# VCC-project Demo: Exploring Perturb-seq Data

This notebook demonstrates how to explore and analyze the demo dataset from Replogle et al. 2022.

**Dataset**: K562 cells with CRISPRi perturbations (~10k cells, ~150 perturbations)

**Learning objectives**:
1. Load and inspect processed data
2. Visualize QC metrics
3. Explore perturbation effects
4. Compare train/val/test splits
5. Analyze feature engineering results

## Setup

In [None]:
import numpy as np
import pandas as pd
import scanpy as sc
import matplotlib.pyplot as plt
import seaborn as sns
from pathlib import Path
import json

# Scanpy settings
sc.settings.verbosity = 3
sc.settings.set_figure_params(dpi=100, facecolor='white')

# Plot settings
plt.rcParams['figure.figsize'] = (10, 6)
sns.set_style('whitegrid')

print("✓ Libraries loaded")
print(f"Scanpy version: {sc.__version__}")

## 1. Load Demo Data

First, let's check if the demo data has been downloaded and processed.

In [None]:
# Check if data exists
data_path = Path("../data_local/demo/replogle_subset.h5ad")
metadata_path = Path("../data_local/demo/metadata.json")
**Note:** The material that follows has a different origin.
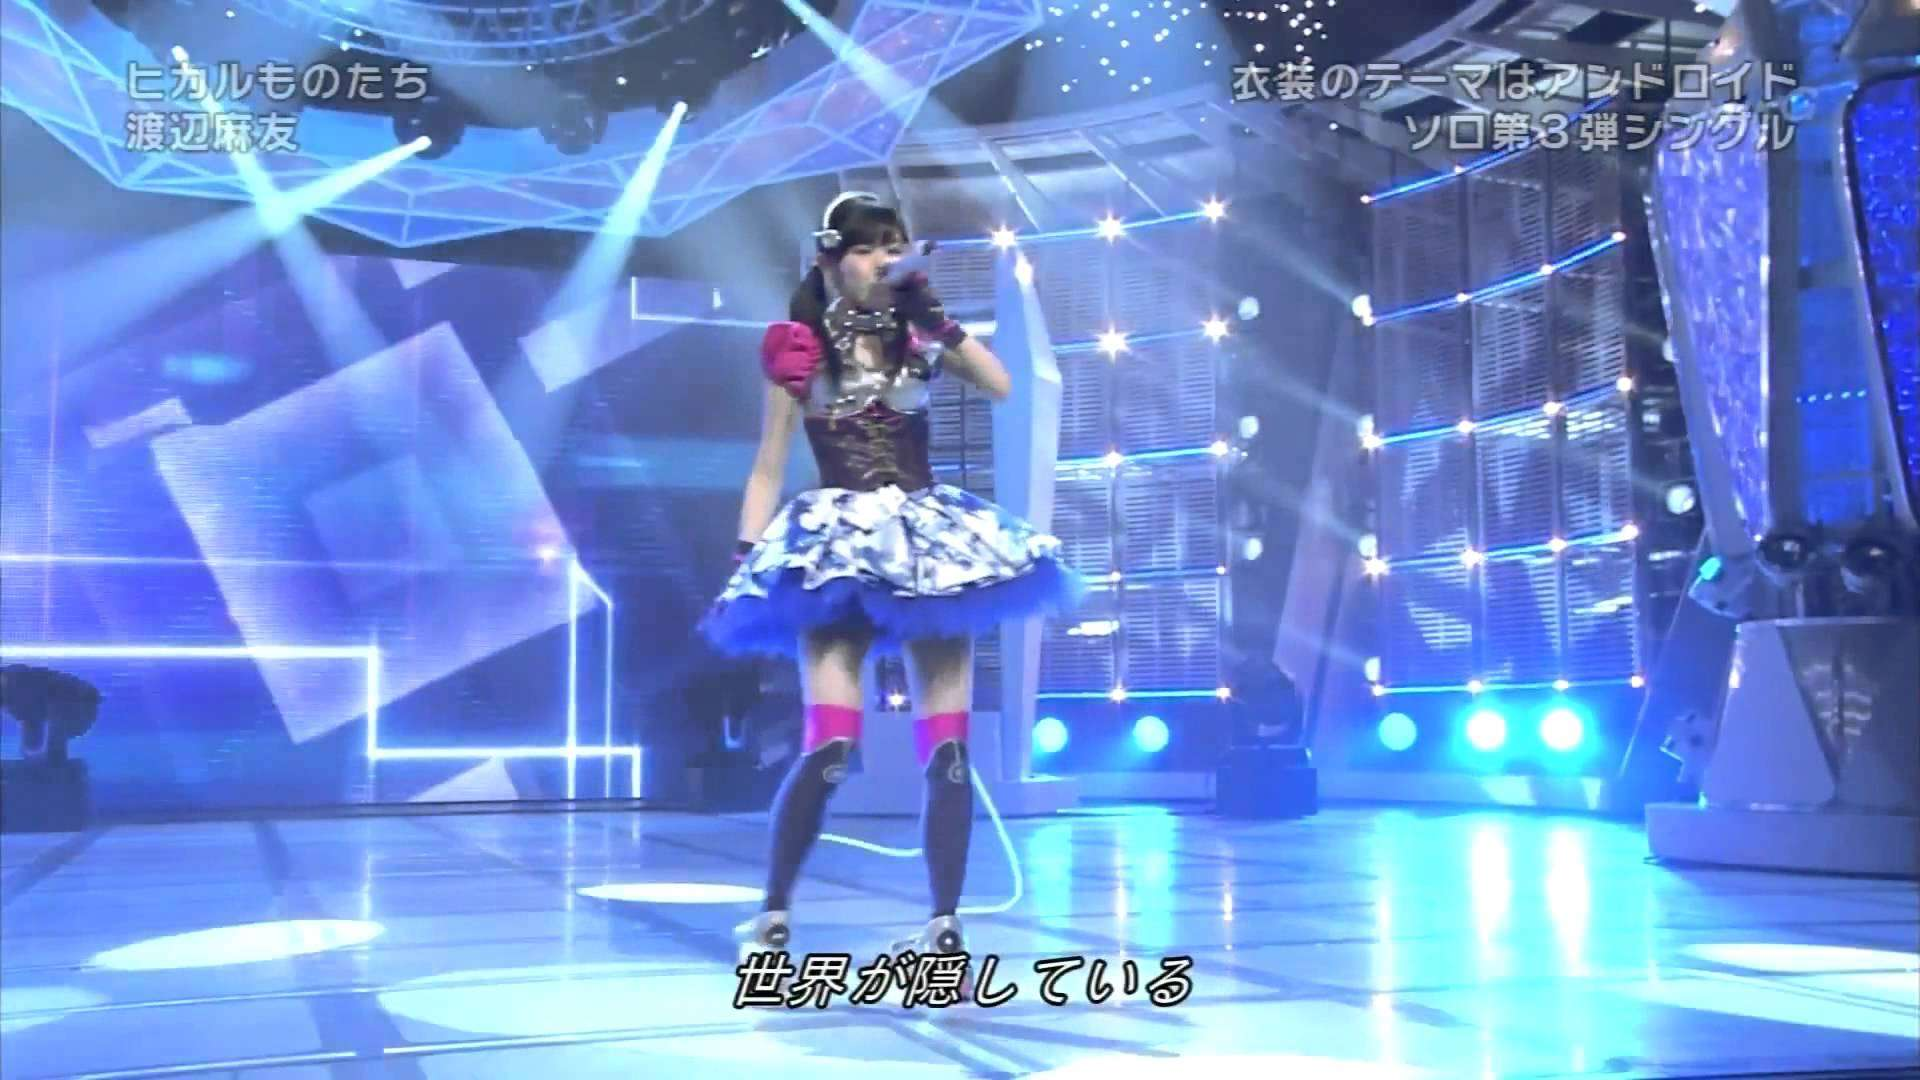 【ソロ】AKB48渡辺麻友の生歌が凄い。嵐大野智よりも上手すぎる! - YouTube

if not data_path.exists():
    print("❌ Demo data not found!")
    print("\nPlease run: snakemake download_demo_data --cores 1")
else:
    print("✓ Demo data found")
    print(f"File size: {data_path.stat().st_size / 1e6:.1f} MB")
    
    # Load metadata
    if metadata_path.exists():
        with open(metadata_path, 'r') as f:
            metadata = json.load(f)
        print("\nDataset Info:")
        print(f"  Source: {metadata['source']}")
        print(f"  Cells: {metadata['n_cells']:,}")
        print(f"  Genes: {metadata['n_genes']:,}")
        print(f"  Perturbations: {metadata['n_perturbations']}")

In [None]:
# Load the data
adata = sc.read_h5ad(data_path)
print(adata)

## 2. Explore Data Structure

In [None]:
# Cell metadata
print("Cell metadata columns:")
print(adata.obs.columns.tolist())
print("\nFirst few cells:")
adata.obs.head()

In [None]:
# Gene metadata
print("Gene metadata columns:")
print(adata.var.columns.tolist())
print("\nFirst few genes:")
adata.var.head()

## 3. QC Metrics Visualization

In [None]:
# Check if QC metrics exist
if 'n_genes_by_counts' not in adata.obs.columns:
    print("Computing QC metrics...")
    sc.pp.calculate_qc_metrics(adata, qc_vars=['mt'], percent_top=None, log1p=False, inplace=True)
else:
    print("✓ QC metrics already computed")

In [None]:
# Violin plots of QC metrics
fig, axes = plt.subplots(1, 3, figsize=(15, 4))

# Genes per cell
axes[0].hist(adata.obs['n_genes_by_counts'], bins=50, color='steelblue', alpha=0.7)
axes[0].set_xlabel('Genes per cell')
axes[0].set_ylabel('Number of cells')
axes[0].set_title('Gene Detection')
axes[0].axvline(200, color='red', linestyle='--', label='min_genes=200')
axes[0].axvline(6000, color='red', linestyle='--', label='max_genes=6000')
axes[0].legend()

# UMI counts
axes[1].hist(adata.obs['total_counts'], bins=50, color='coral', alpha=0.7)
axes[1].set_xlabel('Total UMI counts')
axes[1].set_ylabel('Number of cells')
axes[1].set_title('Sequencing Depth')

# Mitochondrial content
axes[2].hist(adata.obs['pct_counts_mt'], bins=50, color='forestgreen', alpha=0.7)
axes[2].set_xlabel('Mitochondrial %')
axes[2].set_ylabel('Number of cells')
axes[2].set_title('Cell Health')
axes[2].axvline(15, color='red', linestyle='--', label='max_pct_mt=15%')
axes[2].legend()

plt.tight_layout()
plt.show()

# Print statistics
print("\nQC Statistics:")
print(f"Genes per cell: {adata.obs['n_genes_by_counts'].median():.0f} (median)")
print(f"UMI counts: {adata.obs['total_counts'].median():.0f} (median)")
print(f"MT content: {adata.obs['pct_counts_mt'].median():.2f}% (median)")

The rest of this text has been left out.